Although there is a great variation in the user interface and the sources of data for many mashups, we can still derive common architectural patterns that they all share. For example, all mashups are RESTful in nature (they conform to the Representational State Transfer principles). Figure 1 shows an architectural rendering of a typical mashup.
Figure 1: The architecture of a typical mashup application (Click on the picture for a larger image)
The core element of any mashup is the data being aggregated and presented to the user. Although the above diagram depicts the source of the data as a database, the concept of a mashup does not require a database that is local to the mashup software or the client. The data can strictly come from Web services where data is serialized to XML or JSON (this is the most common pattern in Internet-based mashups). There are architectural trade-offs to be made from storing the primary data in a local data store and accessing the data with every request. As mashups move from being Internet-based applications to internal to the enterprise, they tend to depend less on external data stores.
Use of RSS (Really Simple Syndication) feeds is a common source of primary or supplemental data for mashups. RSS feeds are easy to consume as they are XML documents, and many libraries exist to manipulate the feeds. The format and specification for RSS is well documented and understood with only a few variations from version to version. The extensibility of RSS is also well known, as demonstrated by the number of extensions in use today, such as adding attachments to the feeds, creative commons licensing information and location information.
It is also common to include calls to Web services within mashups. It is common to see both WSDL-based Web services and REST-based Web services, with some services exposing both styles. Web services can be used to provide additional data or used to transform the data being mashed up. For a map-based mashup, the data may only contain street addresses and a call to a WSDL or REST-based Web service may be required to translate the street address to a Longitude / Latitude coordinate for the map.

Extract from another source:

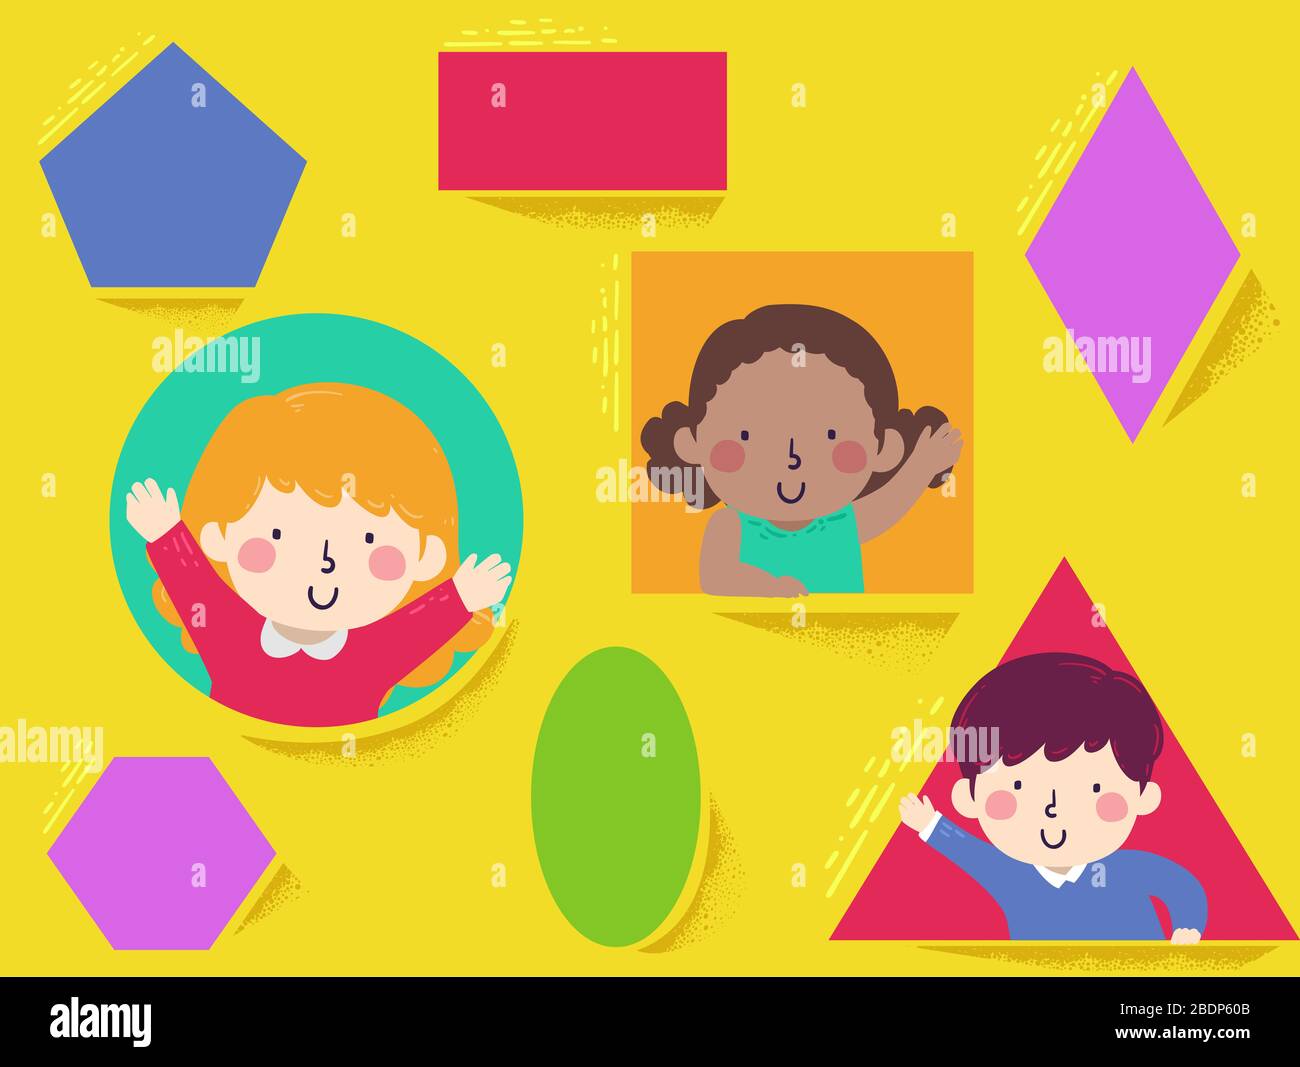 Illustration of Kids Waving from Inside Basic Geometry Shapes Stock Photo

Figure 2 depicts a special class of services that are used to create mashups. We are calling these platform services because they provide functionality beyond the typical request/response model of traditional Web services. A typical example of this is the mapping service provided by Virtual Earth. Virtual Earth includes an entire array of server-side and client-side processing capabilities, as well as the “services in the cloud.” We see the emergence of cloud-based building block services that begin to create value. For example, the Amazon S3 service offers storage “in the cloud”; this makes it easier to expose any static data by uploading it to a hosted storage provider. Microsoft’s BizTalk Services is a platform service that provides a different capability – the ability to relay communications from the Internet across a corporate firewall, thus exposing internal services for consumption by business partners or third parties building their own enterprise mashups. Relayed communication as provided by BizTalk Services is also useful even within a single enterprise, with many business units or with numerous network segments. An Internet-based communications relay can eliminate physical network topology as a communications obstacle.
Figure 2: Using BizTalk Services as a platform service to relay information (Click on the picture for a larger image)

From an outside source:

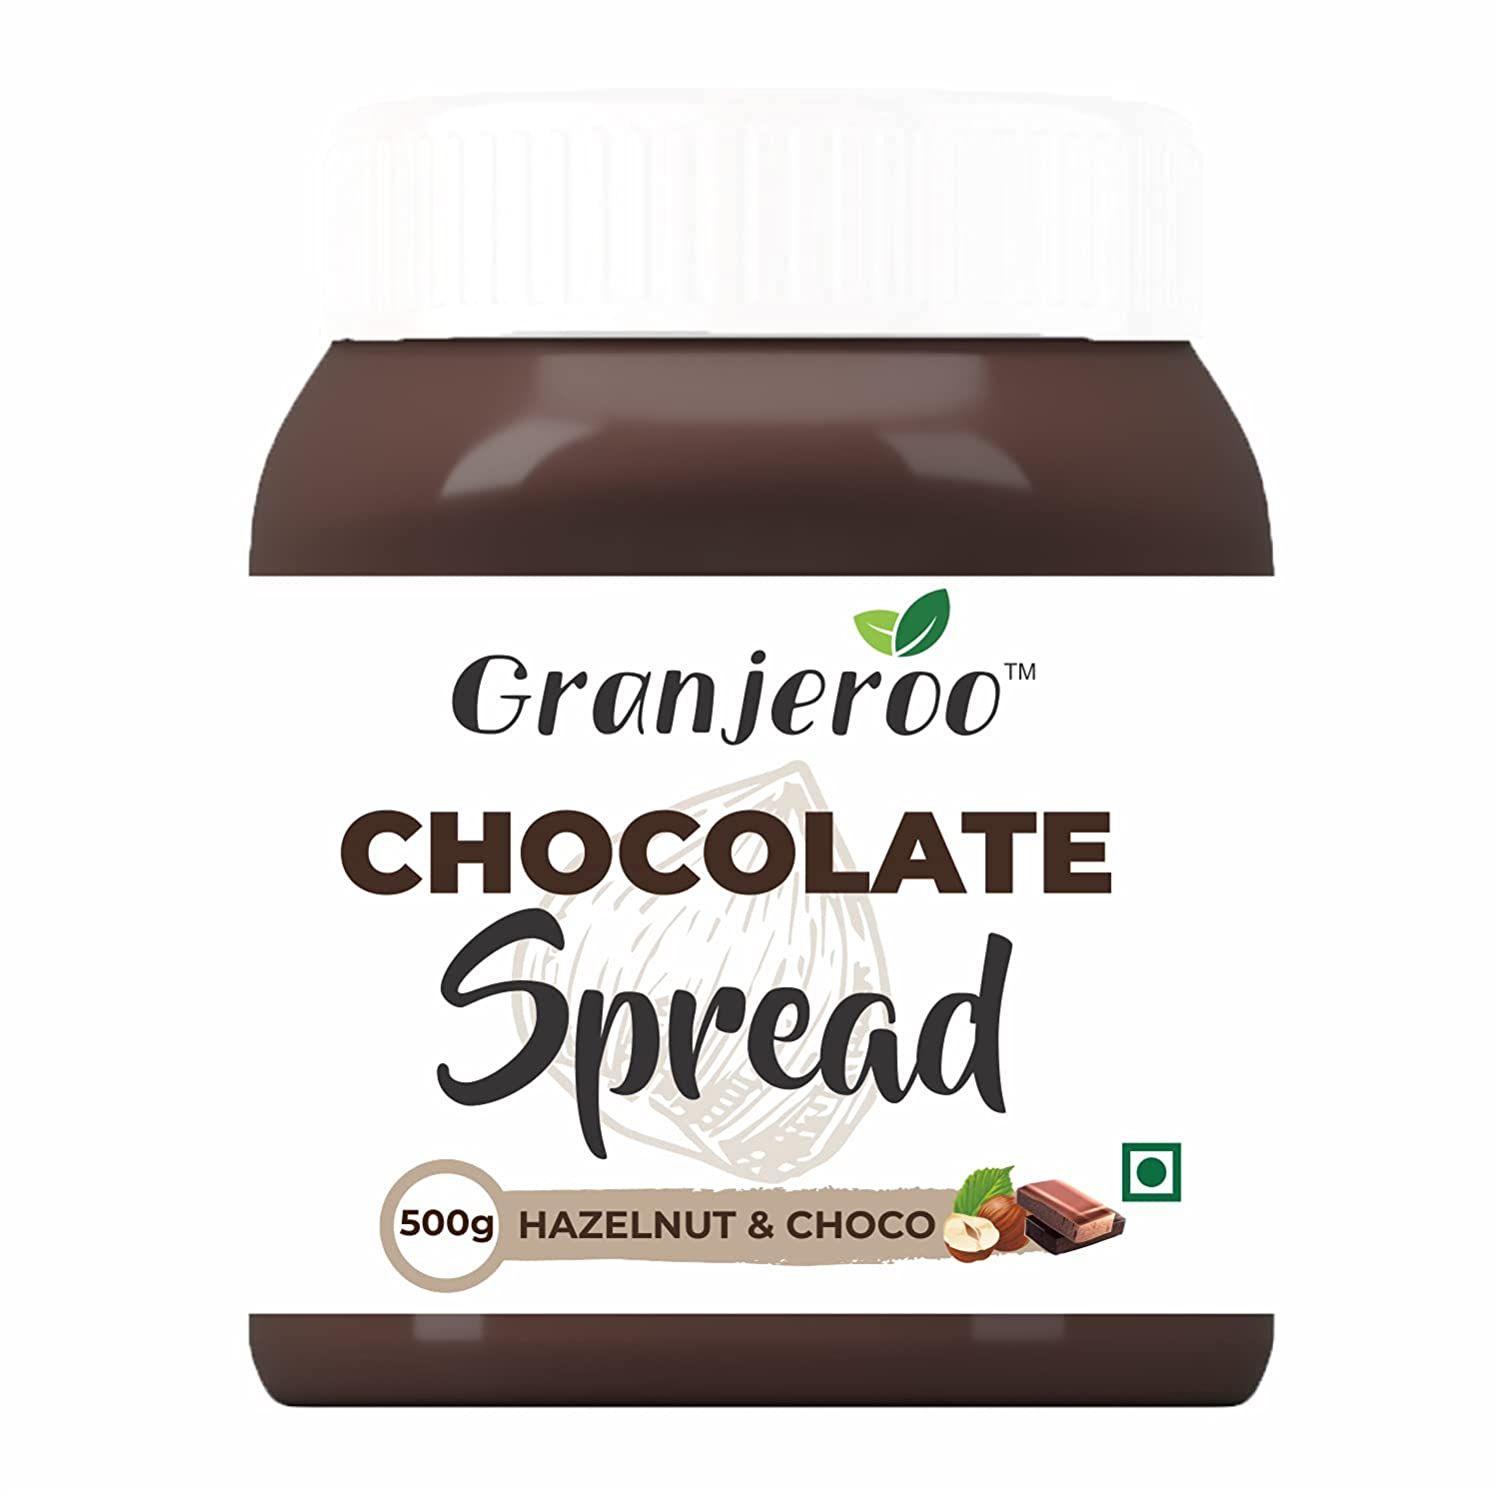 Granjeroo Hazelnut Chocolate Spread Image

Thus far we have identified many of the types of services that can be used to create mashups, but we have not addressed the importance of the software that creates and delivers the mashup experience. Think of the mashup application as a combination of middle-tier services and some lightweight business logic. For Internet-based mashups, the software is usually written using Web technologies (like PHP or ASP. NET), but we are starting to see the line between server processing and client application blur with the emergence of Rich Internet Applications (RIAs). RIAs are applications that run inside the browser with rich functionality similar to that of many desktop applications. These typically do not require a client side installation beyond a generic plug-in such as Adobe Flash or Microsoft Silverlight.
As time has passed and the development process has matured, a lot of the tedious coding has been replaced by frameworks and better codification of standards. Custom scripts on the server side are starting to be replaced by standardized libraries that will automatically generate the required client-side script. We are also seeing standardization in the message formats. An example of this is the GeoRSS extension to the RSS standard that allows you to specify the Longitude and Latitude that is related to the items in the feed. All three major mapping service providers (Google, Microsoft, and Yahoo) support GeoRSS, which means mashups that use this RSS extension require almost no coding.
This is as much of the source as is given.